Há sinais de crescimento também na aprendizagem medida pelo Saeb.
É nesse contexto que o 7,0 de Corumbiara precisa ser investigado.
Ideb 7,0 não significa que os estudantes “tiraram 7”
A distinção parece simples, mas é fundamental para qualquer debate educacional sério.
O Ideb não é uma prova.
Ele combina desempenho dos estudantes no Saeb em Língua Portuguesa e Matemática com as taxas de aprovação apuradas pelo Censo Escolar.
O próprio Inep explica que a metodologia foi desenhada justamente para equilibrar aprendizagem e fluxo: elevar aprovação sem correspondente desempenho na avaliação não produz, por si só, um bom indicador; da mesma forma, reter excessivamente estudantes também afeta o resultado.
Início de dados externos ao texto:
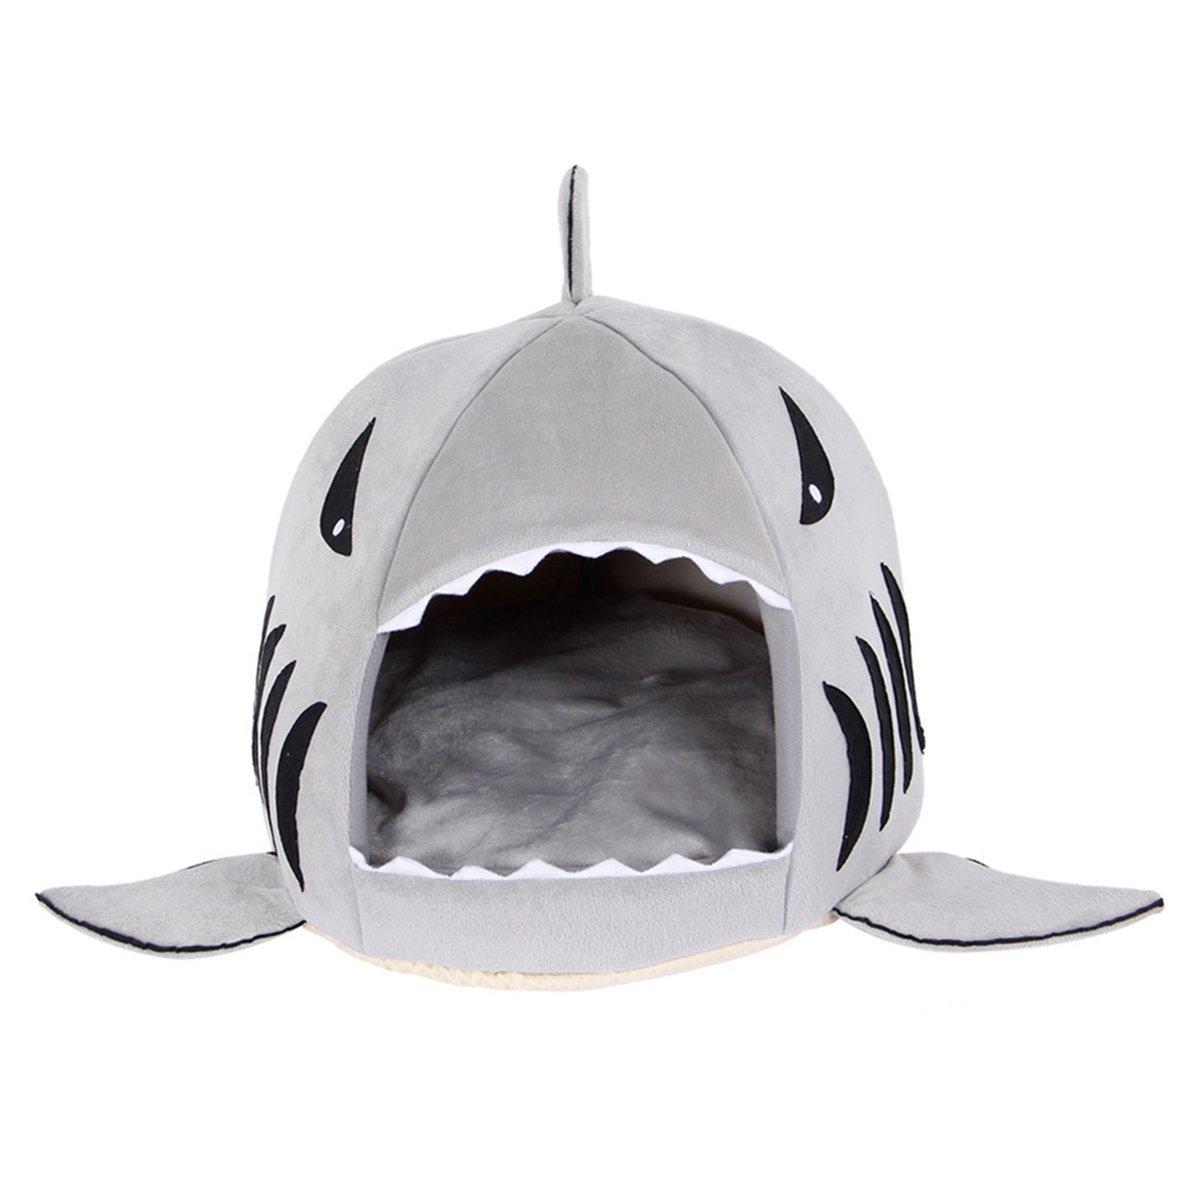 Runfon Cuscino Casa Interno Gatto Materasso Letto Cane a Forma squalo con Cuscino Removibile Prezzi offerte

Por isso, dizer que Corumbiara alcançou 7,0 é apenas a síntese.
A investigação precisa abrir o indicador.
Quanto os estudantes do município alcançaram em Matemática?
Quanto em Língua Portuguesa?
Como estava o fluxo?
Qual foi a participação no Saeb?
Quais escolas avançaram mais?
E quais crianças ainda permaneceram abaixo das aprendizagens esperadas?
Quando uma Secretaria começa a fazer essas perguntas, o Ideb deixa de ser apenas instrumento de comunicação.
Passa a ser informação para gestão.
Uma pequena rede produz outro tipo de possibilidade
O tamanho de Corumbiara merece atenção.
São menos de oito mil habitantes.
Em redes pequenas, a distância institucional entre Secretaria, direção escolar, coordenação, professor e estudante pode ser menor.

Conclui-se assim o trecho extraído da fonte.